Gerald C Koch
Allowing Ads
I am not so sure about the similar properties. I have found some literature stating this, but it seemed like all the authors copied old data from other books.
It is correct that the Ilford Formulae 3rd Edition gives (in the ID-24 recipe) Adurol and CHQ as two possible ingredients which might be interchanged. Adurol, as it seems, has been used for both, BHQ (Schering) and CHQ (Hauff) (source: Edmund Lowe in "What you want to know about Developers - Fine grain and Otherwise" (Chicago 1939) - I got the really lousy reprint "Made in India" from amazon)
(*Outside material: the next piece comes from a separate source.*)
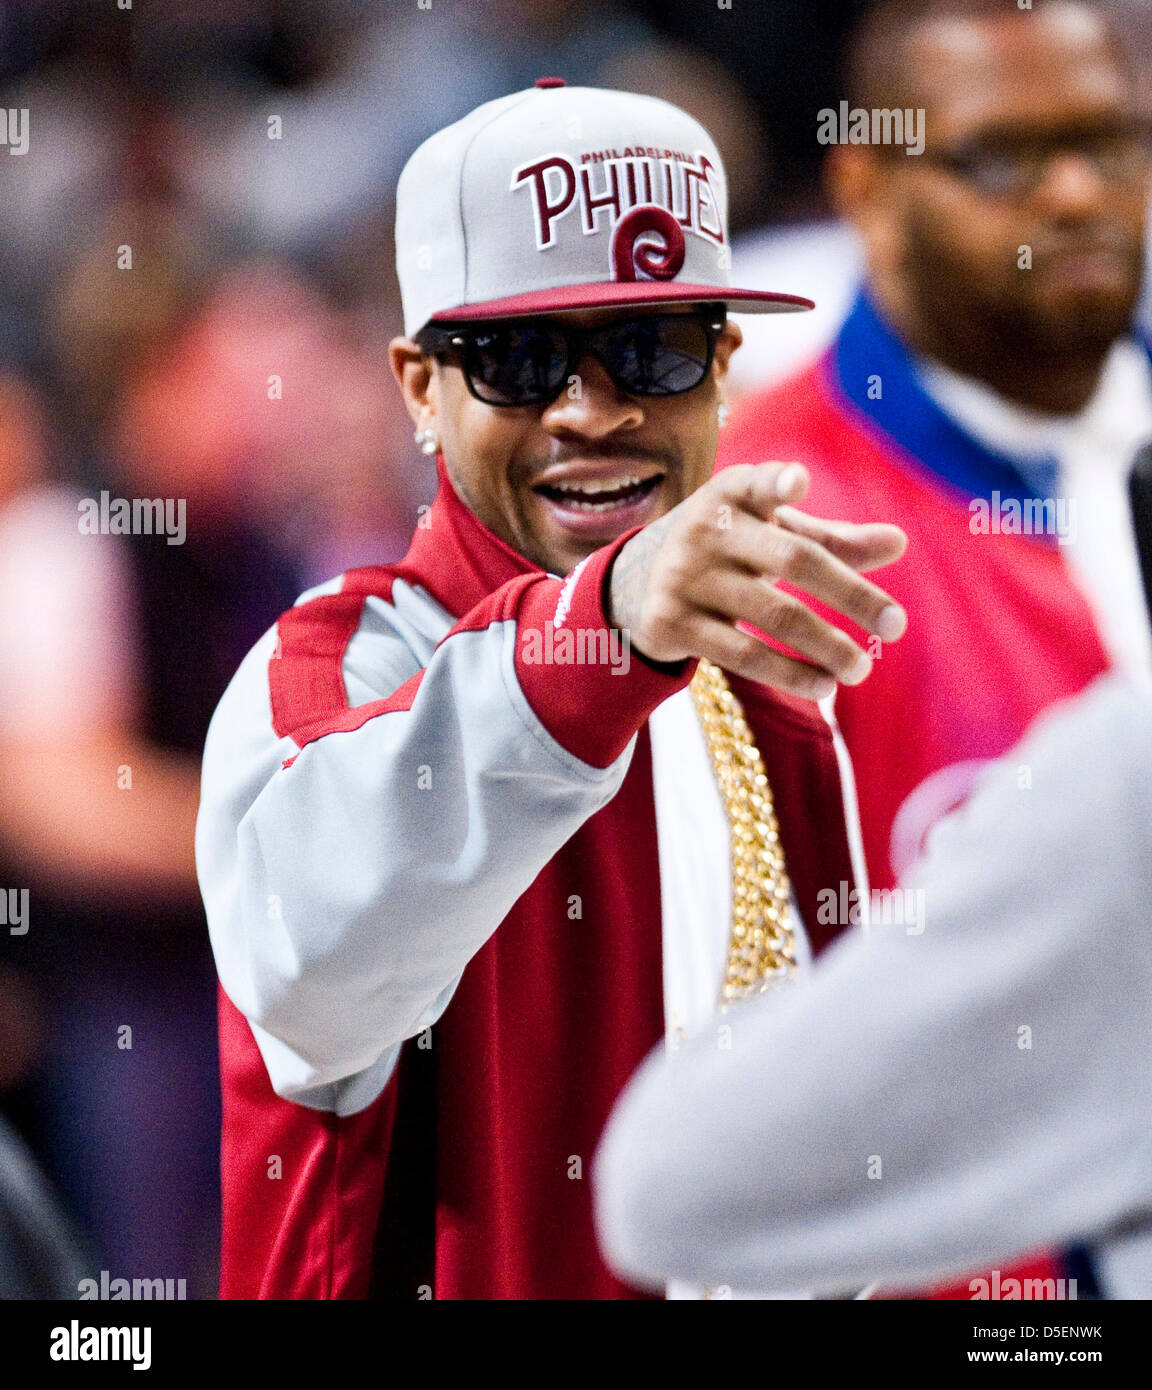 Philadelphia, Pennsylvania, USA. 30th March, 2013. 76ers' legendary guard Allen Iverson was in attendance during NBA action between the Charlotte Bobcats and Philadelphia 76ers at Wells Fargo Ce]nter in Philadelphia, Pennsylvania. The 76ers defeated the Bobcats !00-92. Stock Photo

Lowe is the only author where I have been able to find more information on BHQ / CHQ other than the very basics given by Eder. According to Lowe the substances show at least one significant difference:
CHQ
Reduction Potential: 7 - Mol. Wt. 144,5
BHQ
Reduction Potential: 21 - Mol. Wt. 189
So this suggests that the two substances will show different behavior of some kind.
Some companies that claim to use Cl-HQ claim that they made it in-situ by adding HCl to Quinone. Well, this can only work in the absence of Oxygen. Even then it is claimed that the oxidation can be restrained by Sulfite. In the end you get either the results I've attached or you get HQMS (Hydroquinone Monosulfonate). The synthesis of Cl-HQ is actually difficult and expensive requiring the addition of Chlorine gas to Qinone in Benzene at high temperature and pressure. It is difficult to purify even then and samples that I have heard of were not pure due to decomposition.
I'm wondering if what people thought was Cl-HQ was really something else and I'm wondering what benefit they expected.
PE
Anyway I though it worth a try.
It was also used as a plate / film developer, CHQ being the only developing agent (or whatever the companies had synthesized believing it was CHQ).
Check out the Lowe book, there you can find some more data.
According to this source, what happens depends "on the circumstances", not describing these circumstances any further. Both reactions produce a developing agent, therefore - as long as proprietary developers are concerned - it worked in some way. But reproduction of these results seems impossible.
LP Clerc Photography Theory and Practice 2nd ed 1946 p240:
The monochlor and monobrom derivatives of hydroquinone are much more energetic developers than hydroquinone itself, especially the bromine derivative, the reduction potential of which is somewhat greater than that of metol. Both forms are known under the trade name Adurol; they are less oxidizable than hydroquinone and give purer blacks.
we can safely assume, that previous generations of photographic craftsmen didn't have access to 99.9% Chlorohydroquinone either, so whatever these folks Lowe, Champlin used, was probably some mixture of Chlorohydroquinone and a whole host of other compounds.